Antibiotic Efficacy and MIC Results
  • Table 1 shows resistance percentages for various strains:- All strains: 100% resistant to Cephalothin.

    • 93% resistance to Ampicillin and Tetracycline.

    • Resistance rates for others (e.g., 14% for Gentamicin, 8% for Nalidixic acid).

  • Resistance varied by hospital:- M. D. Anderson Hospital: more resistant across all tested drugs (except colistin & cephalothin).

    • Emory University: higher resistance to colistin.

  • Notable findings on pigmented strains:- Resistant to Streptomycin, Colistin, and Tobramycin.

Discussion Points
  • Gentamicin, chloramphenicol, sulfisoxazole, and nalidixic acid remain the most effective agents against Serratia at therapeutic doses.

  • Ineffective agents:- Ampicillin, cephalothin, tetracycline, and colistin showed no efficacy and should not be used for treatment.

  • Characteristic resistance patterns suggest ongoing evaluation of antibiotic susceptibility is needed due to:- Rapid development of resistance.

    • Changes over short periods of time.
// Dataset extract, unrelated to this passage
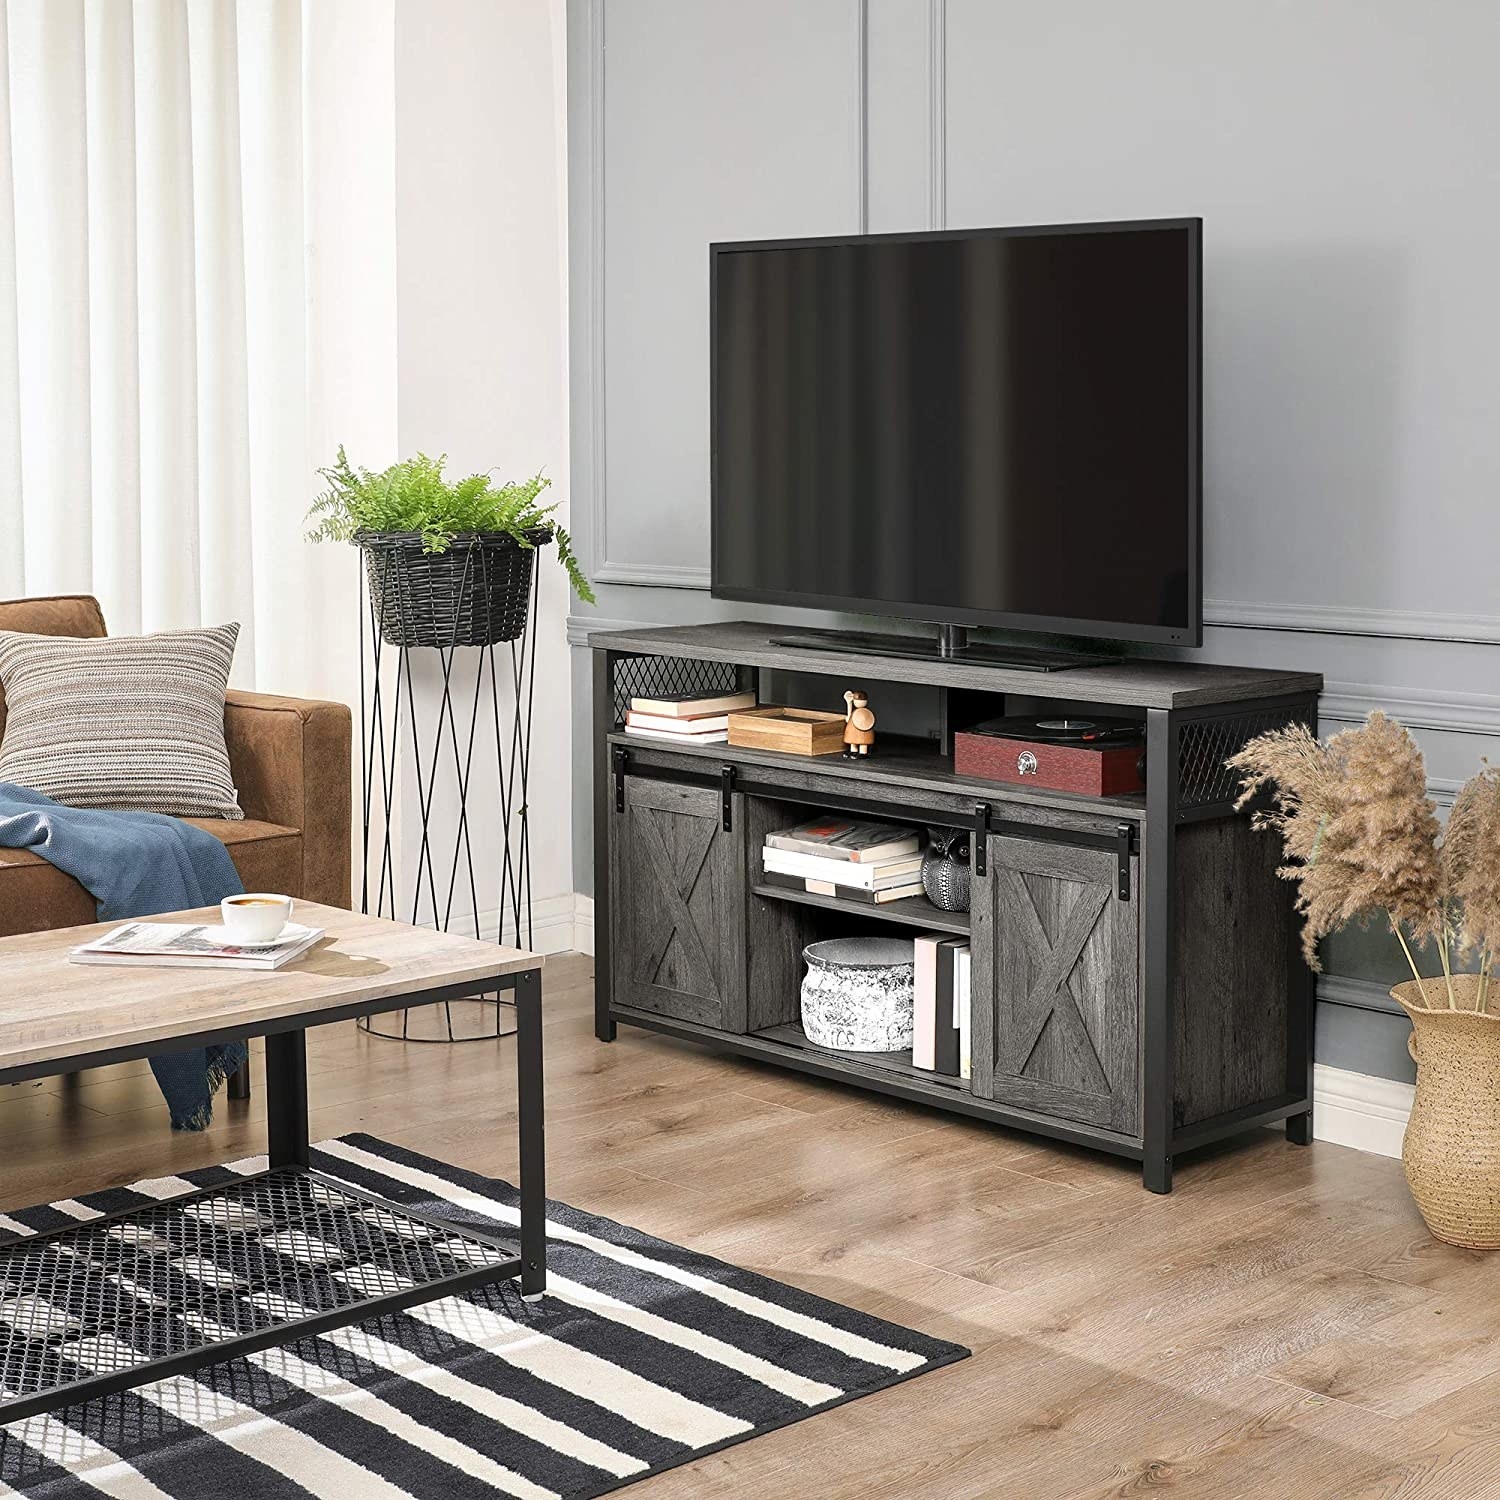 the TV unit with books and decor in it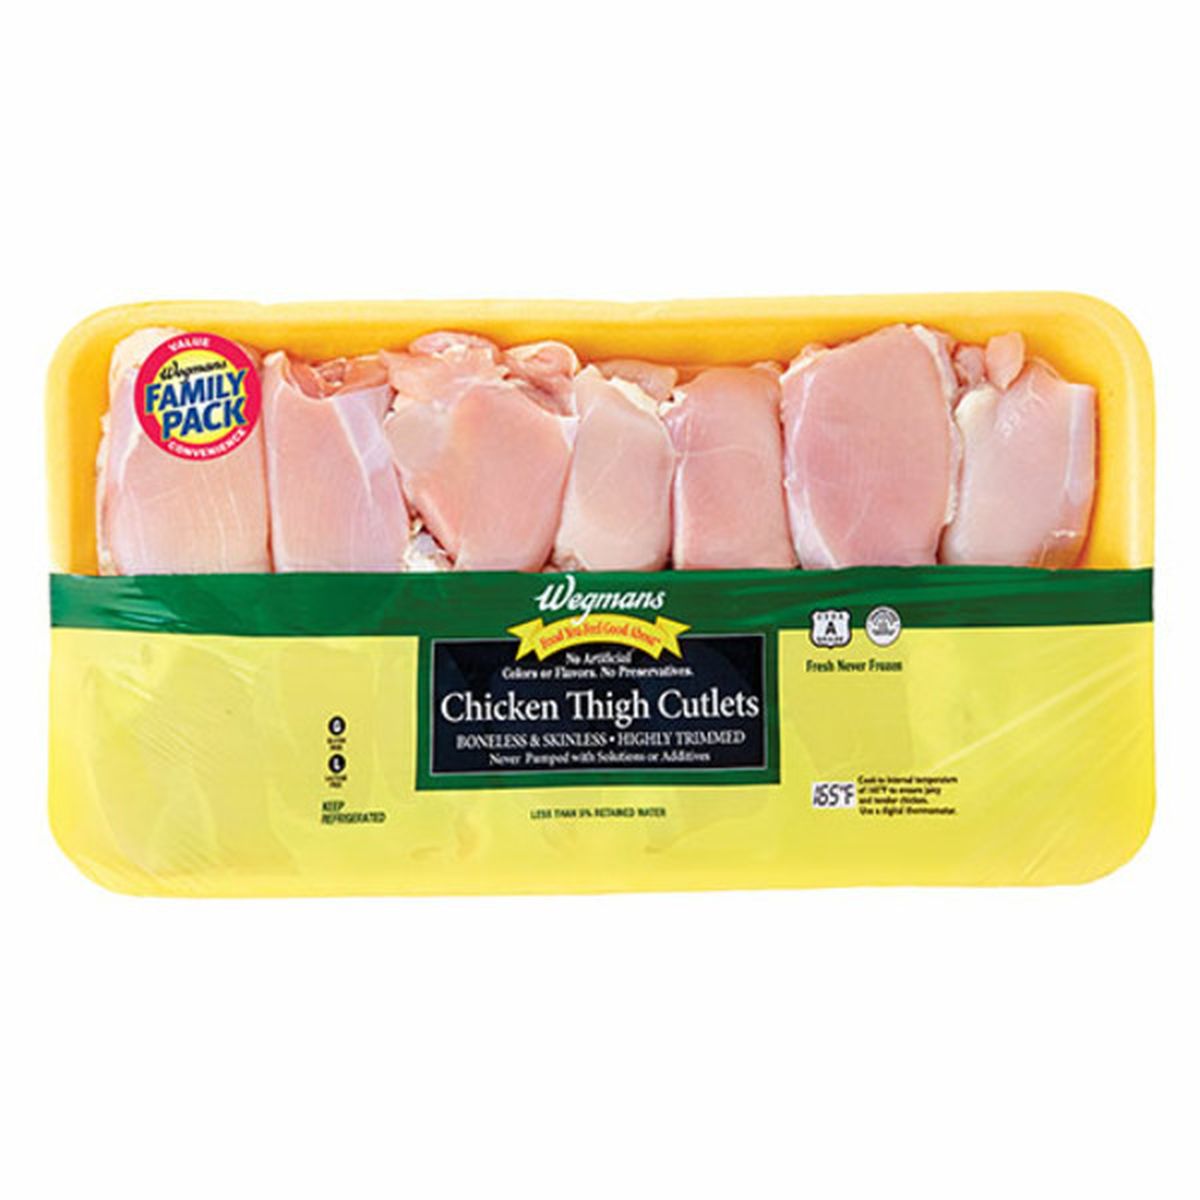 Calories in Wegmans Boneless & Skinless Chicken Thighs, Highly Trimmed, FAMILY PACK

  • R factors:- Transferable resistance among strains contributing to increased resistance to selected antibiotics.

Acknowledgments
  • Thanks to Dieter Groschel and Jonas Shulman for bacterial strains provided for study.

Conclusion
  • The ongoing study of antibiotic resistance patterns in S. marcescens is crucial given the organism's opportunistic nature and rapid adaptability in clinical settings.

Cooksey, R. C., Bannister, E. R., & Farrar, W. E. (1975). Study on antibiotic resistance patterns of clinical isolates of *Serratia marcescens*. *Medical University of South Carolina*, Volume XX, Issue YY, Location: Charleston, SC.